= Vanberg & DeWulf =

American Belgian beer importer

Vanberg & DeWulf was an American importation business that brought premium Belgian beer to the United States. Its portfolio was purchased by Total Beverage Solution.

== History ==
Vanberg & DeWulf was established in 1982 by Donald Feinberg, and in 1990 his wife, Wendy Littlefield, joined him as a partner in the business. Vanberg & DeWulf has worked exclusively with breweries that are independent, family-run and artisanal in their approach. Vanberg & DeWulf started by offering some of what are now familiar names in Belgian brewing: Duvel first, followed quickly by Castelain, Rodenbach, Kwak, Blanche de Bruges, Affligem, Frank Boon's lambics, Dubuisson, Dupont, and Slaghmuylder. They brought French Bieres de Gardes to the US market, first with Jenlain and then Brasserie Castelain.

In 1996, Vanberg & DeWulf opened Brewery Ommegang in Cooperstown, New York, with Duvel Moortgat and Scaldis. Brewery Ommegang was the first brewery in the US dedicated to Belgian-style all bottle-conditioned, cork-finished beers. In 2003, Duvel Moortgat purchased Vanberg & DeWulf's majority stake in Ommegang as well as Vanberg & DeWulf's import rights to import Duvel beers.

Following the sale of Ommegang, Feinberg rebuilt the remaining portfolio over the next five years.
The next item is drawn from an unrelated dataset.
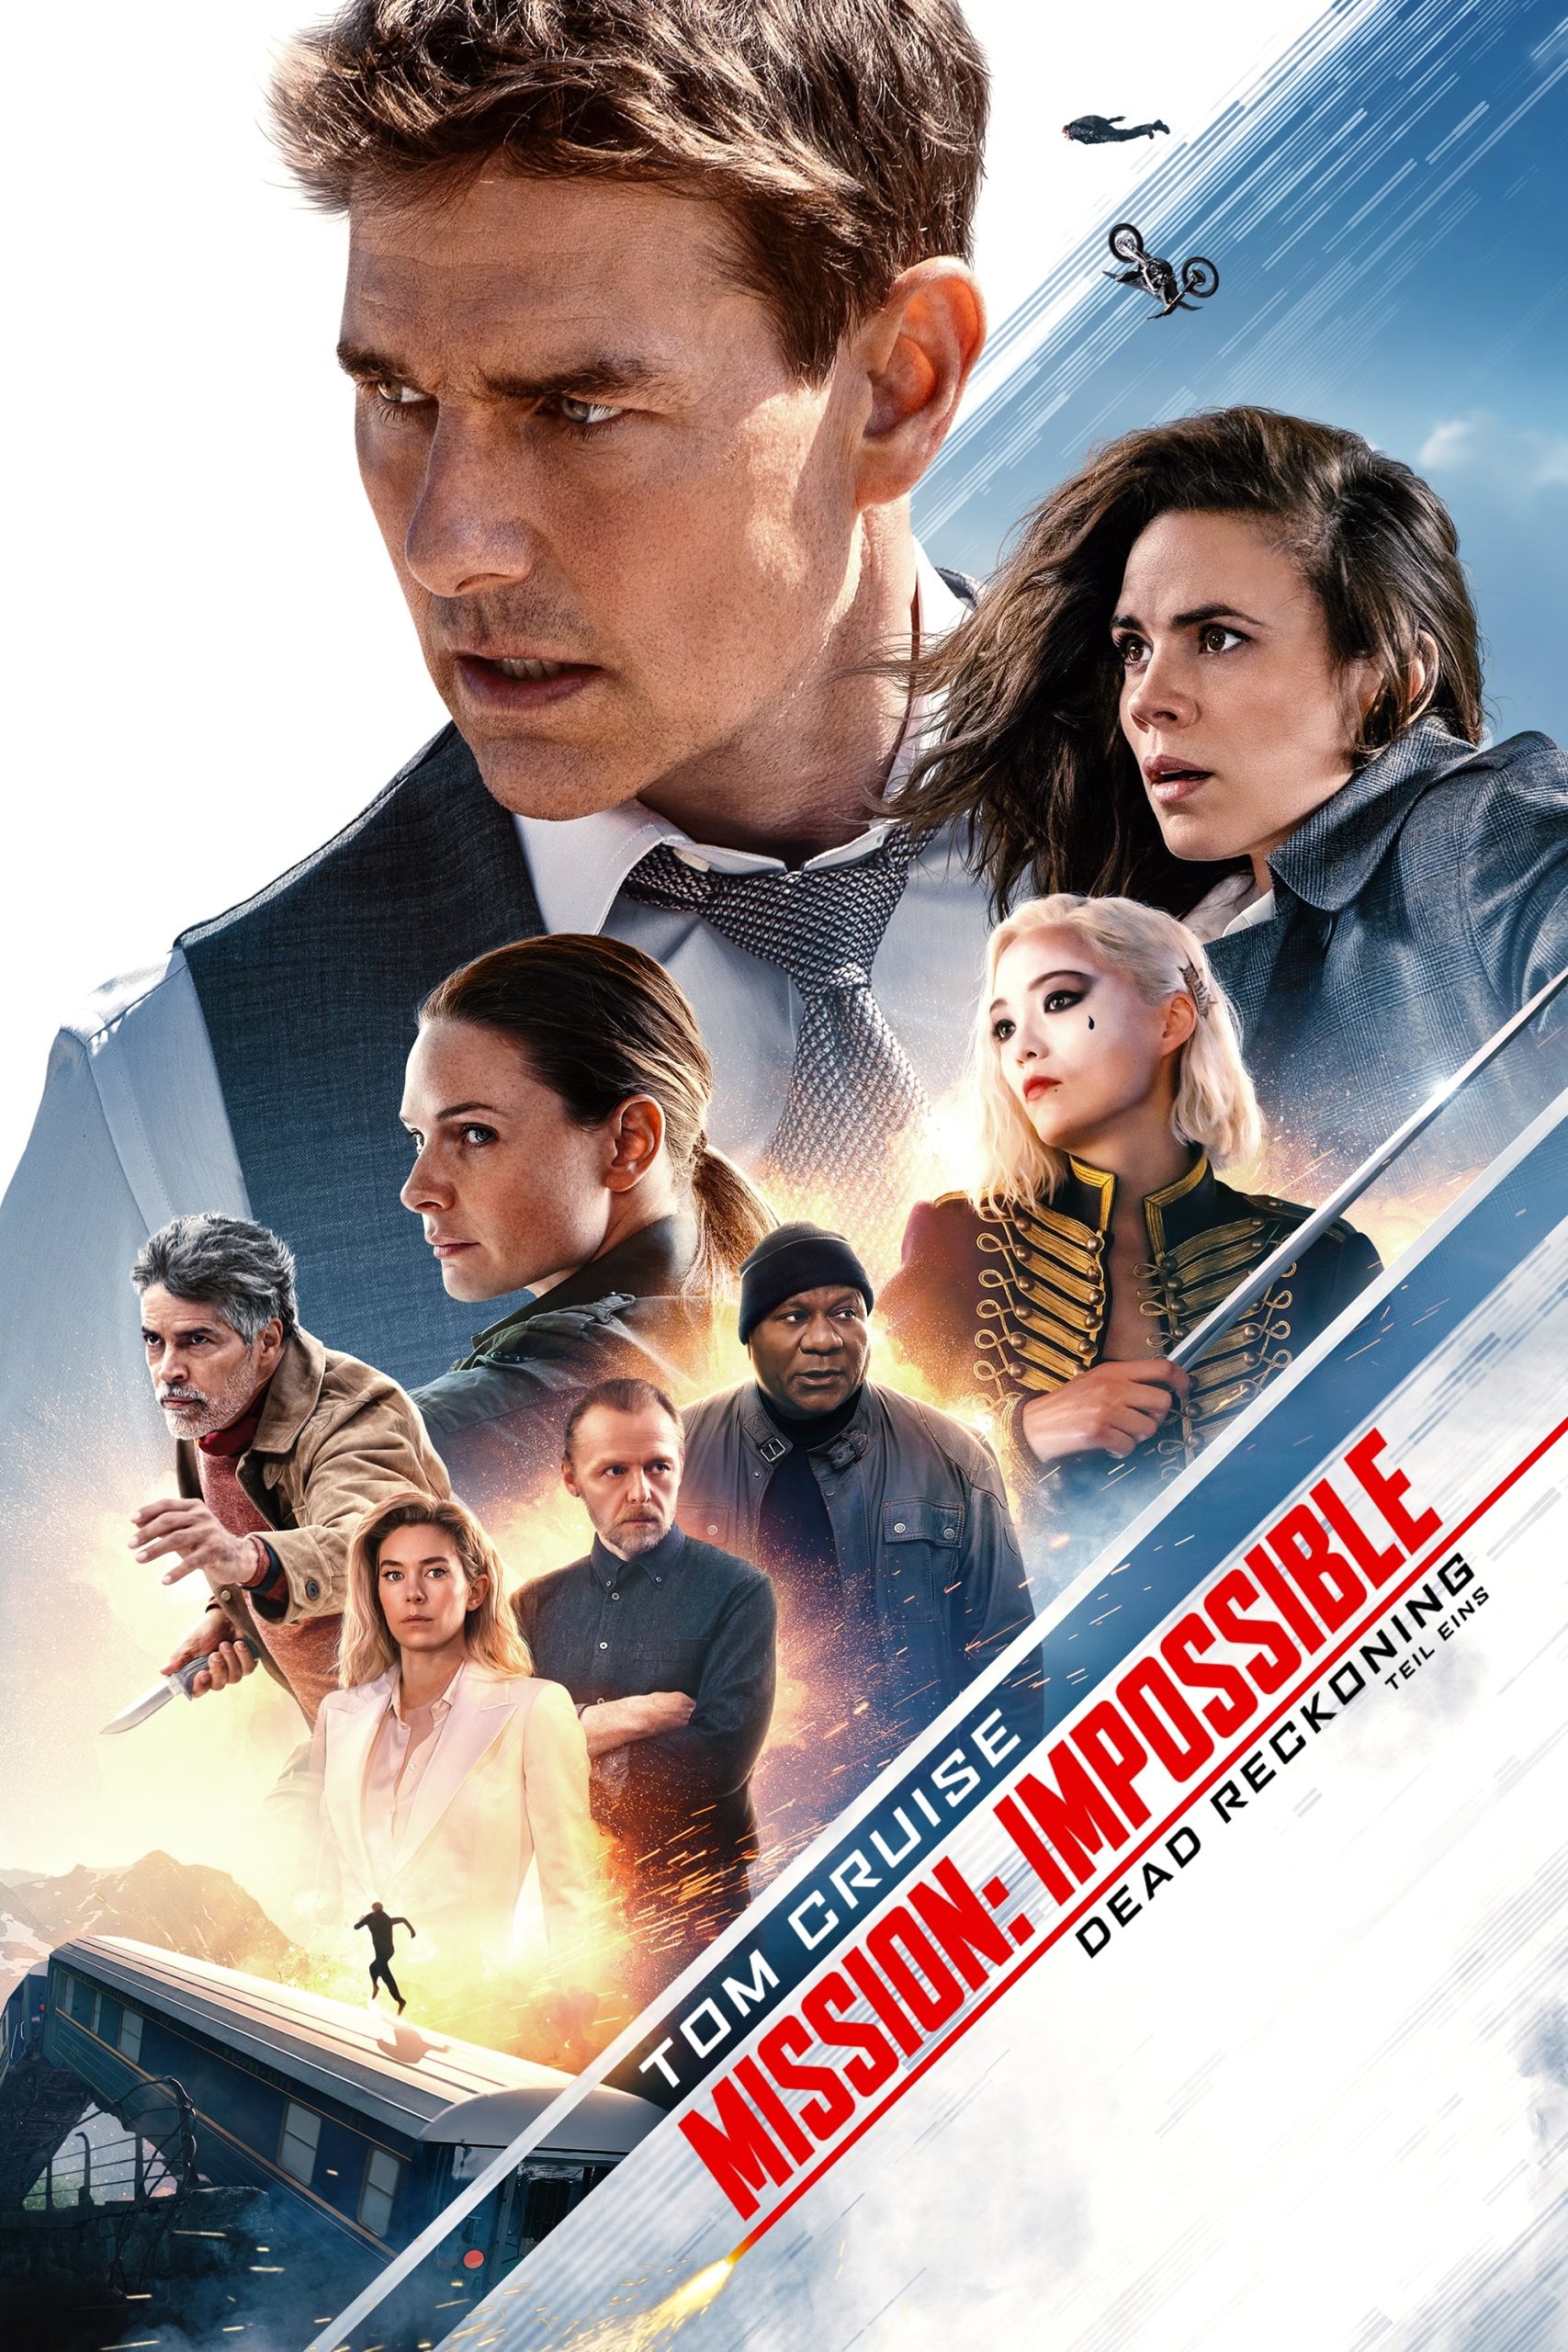 Poster for the movie "Mission: Impossible Odplata – První část"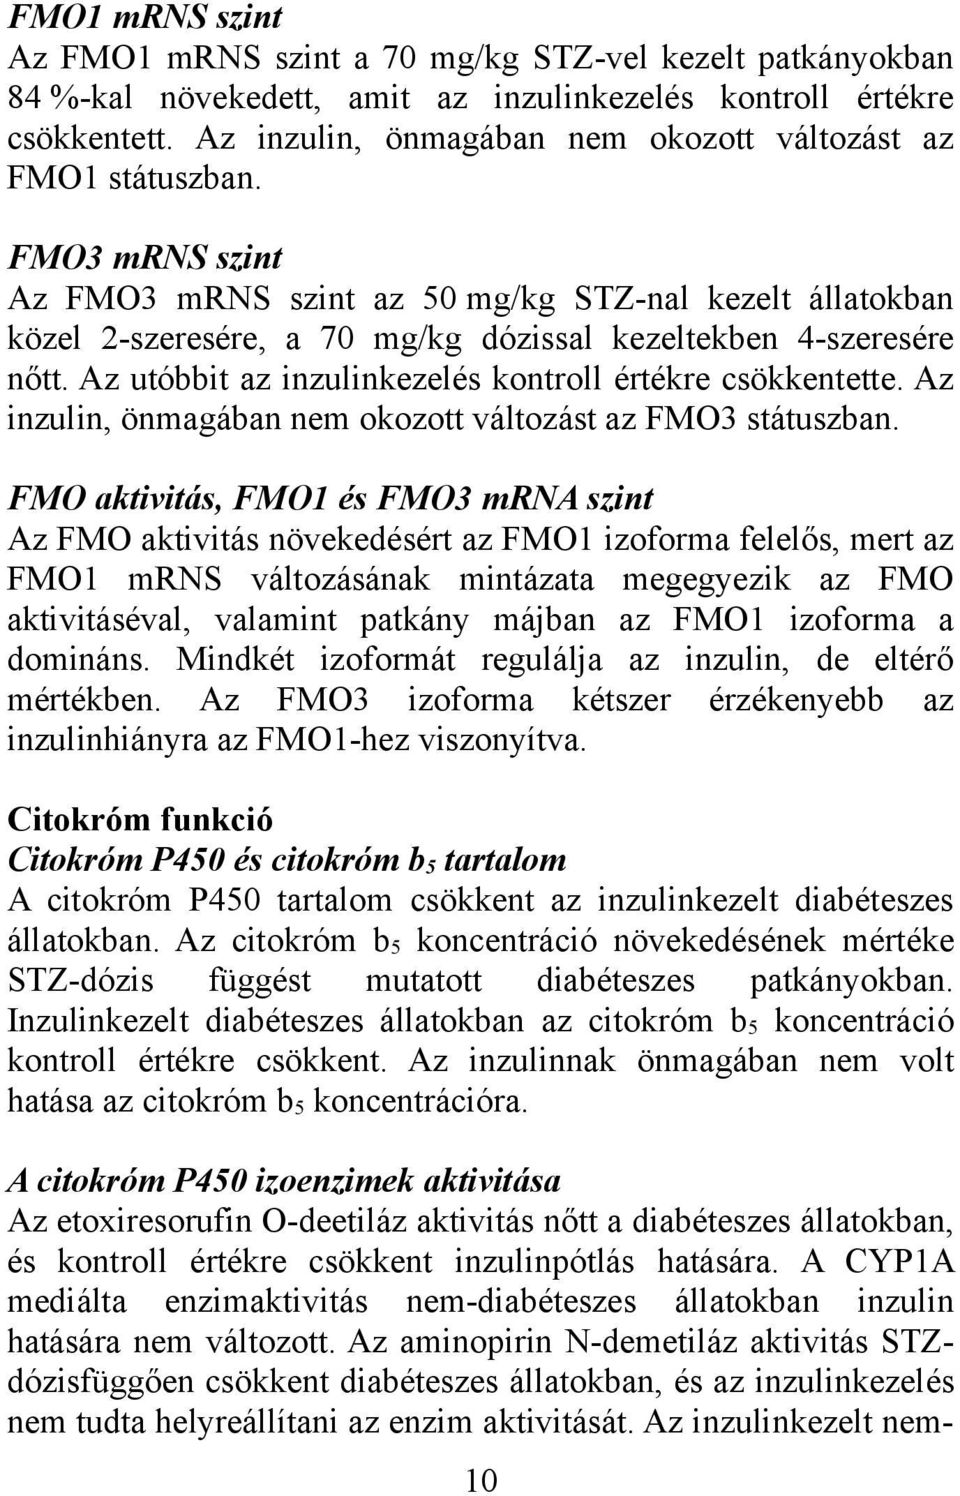 FMO3 mrns szint Az FMO3 mrns szint az 50 mg/kg STZ-nal kezelt állatokban közel 2-szeresére, a 70 mg/kg dózissal kezeltekben 4-szeresére nőtt.

In 2011, Vanberg & DeWulf celebrated 30 years of bringing Belgian beers to the United States with the Coast-to-Coast-Toast, a nationwide promotion of Belgian beer. 350 of the top Belgian beer accounts in the United States participated in the event, in conjunction with Untappd. Vanberg & DeWulf has since celebrated the Coast-to-Coast Toast annually in November as a celebration of craft and family-run breweries, and it has become the largest one-day celebration of craft and specialty beer culture in the country.

In 2014, its portfolio was purchased by Total Beverage Solution.

== Beers ==
Vanberg & DeWulf imported forty-three beers from eleven breweries in four countries representing more than twenty styles, mostly Belgian or Belgian-influenced. The company represented beers brewed by:

Belgian Classic Brewers:
- Geuzestekkerij DeCam – (Gooik, Belgium)
- Brasserie Dubuisson (Pipaix, Belgium)
- Brasserie Dupont (Tourpes, Belgium)
- Brouwerij Slaghmuylder (Ninove, Belgium)
- Brouwerij Dilewyns (Dendermonde, Belgium)

The Vanberg & DeWulf “Honorary Belgian Beer” collection of beers includes:
- Brasserie Castelain (Benifontaine, France) Bieres de Gardes
- Amiata Birrificio Artigianale (Arcidosso, Italy)
- Brewery Olvisholt (Iceland)
- Green Jack Brewing Company (UK)
- Borg Brugghús (Iceland)

== Awards & accomplishments ==
- Vanberg & DeWulf published the first US edition of Michael Jackson’s The Great Beers of Belgium in 1995 – now in its 6th printing. They worked closely with Ruth Van Waerebeke the Belgian chef and writer who authored Everybody Eats Well in Belgium, a standard reference for US chefs.
- Don Feinberg and Wendy Littlefield were the first Americans inducted into the Belgian Brewers Guild in its history.
- Feinberg and Littlefield were both nominated for the Mercurius Award, the highest civilian honor given by the Belgium government for the promotion of Belgium abroad, in the late 1990s.
- V&D import Scheldebrouwerij Hop Ruiter won the Gold Medal at the World Beer Championships on January 16, 2012.
- Feinberg and Littlefield were nominated as semi-finalists for a James Beard Foundation Award in 2013 for Outstanding Wine, Spirits, or Beer Professional, the first beer importers to ever be nominated for the award.
- In 2011, V&D's own Lambrucha, a combination of lambic and kombucha tea, was named the Best Experimental Beer of the year at the U.S. Open Beer Championships.
- In 2014, V&D import Bush de Nuits (Scaldis Prestige de Nuits) was named one of the 100 Top Beers in the World by RateBeer.com.

Many of the beers imported by Vanberg & DeWulf have received World Beer Cup Awards, including three silver, six gold, and one platinum medal in 2012. In 2013, their own Vanberg et Famille Lambickx De Troch scored a 98 and earned a platinum medal.